The press release indicates that the government was working with the International Organization for Migration and the United Nations High Commissioner for Refugees (UNHCR) to listen to the Tajikistan authorities to “protect and support Afghans intended for resettlement in Canada”.
Mohammad Younesi’s family received asylum in Canada after fled Afghanistan, but Younesi ended up in the care of American immigration and the application of customs after being separated from their family. Now, after being denied a temporary resident permit to enter Canada, Yonesi could be sent back to Afghanistan, where his family worries, he will be killed. (Correction: a previous version of this video description indicated that the family was introduced as a smuggling of Afghanistan. In fact, they fled the country after obtaining humanitarian visas from Brazil.)
Global Affairs Canada declared in an email sent by email that Canada does not recognize the Taliban as the legitimate government of Afghanistan and that the group remains listed as a terrorist entity.
The press release indicates that Canada was monitoring the treatment of Afghan refugees in Tajikistan, as well as Pakistan and Iran.
Helen Thibault, an associate professor of political science at the University of Nazarbayev in Astana, Kazakhstan, said that there could be several factors behind the decision of the government of Tajikistan to return the Afghan refugees to the weapons of a Taliban government.
Thibault said Tajikistan could follow the example of Russia, which recognized the Taliban as legitimate leaders in Afghanistan.

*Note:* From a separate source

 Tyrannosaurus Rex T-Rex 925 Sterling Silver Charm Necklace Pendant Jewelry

“Whenever Russia does something, Tadjikistan is one of the first countries in Central Asia to follow,” she said.
“Copy effect”
The Tajikistan government could also feel pressure on resources by organizing around 10,000 Afghan refugees in a small country, she said. The majority of refugees are in the poorer and more rural southern region bordering Afghanistan, said Thibeault.
“It may be that Tajikistan sees what is going on in the United States and said:” Oh, well, you know, it’s an acceptable practice now. We can expel anyone who raped our migration laws. “It’s like a copy effect,” she said.

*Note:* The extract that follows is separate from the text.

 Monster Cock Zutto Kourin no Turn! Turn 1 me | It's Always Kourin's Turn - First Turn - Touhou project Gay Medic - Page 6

For Hakemi, the motivations do not change the fear he faces every day knowing that his mother could be seized and deported to a country under a regime that almost took life.
“Of course, I’m afraid, she is not where she is supposed to be,” he said. “Where she lives is not stable. If she returns to Afghanistan, I don’t know what’s going on with the Taliban there. “”

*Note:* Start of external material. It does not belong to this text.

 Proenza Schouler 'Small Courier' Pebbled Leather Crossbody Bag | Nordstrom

Hakemi said that his mother’s sponsorship was organized through an immigration group for Afghan women in Toronto.
He said his mother fled to Tadjikistan in December 2024 after withdrawing from a battery in the hands of Taliban officials who left him two fractured legs and a fractured left hand, as well as other injuries, according to a report subjected to Canadian immigration officials who included medical files and photographs.
She was dragged into the street, whipped and beaten in front of a crowd during August 15, 2024, celebrations marking the return of the Taliban to power, according to the report.
“There were two other women. I told them that the Taliban were murderers and all of this,” Yaquobi said in an audio statement she recorded for CBC News describing her ordeal.
“These women told the Taliban what I said. The Taliban withdrew from the car and beat me. I was unconscious and I found myself in the hospital … When I regained consciousness, I realized that my arms and my legs were broken.”
The case of Yaquobi was filed with the office of Richard Bennett, the UN special rapporteur on the human rights situation in Afghanistan.
The Bennett office did not respond to a request for CBC comments.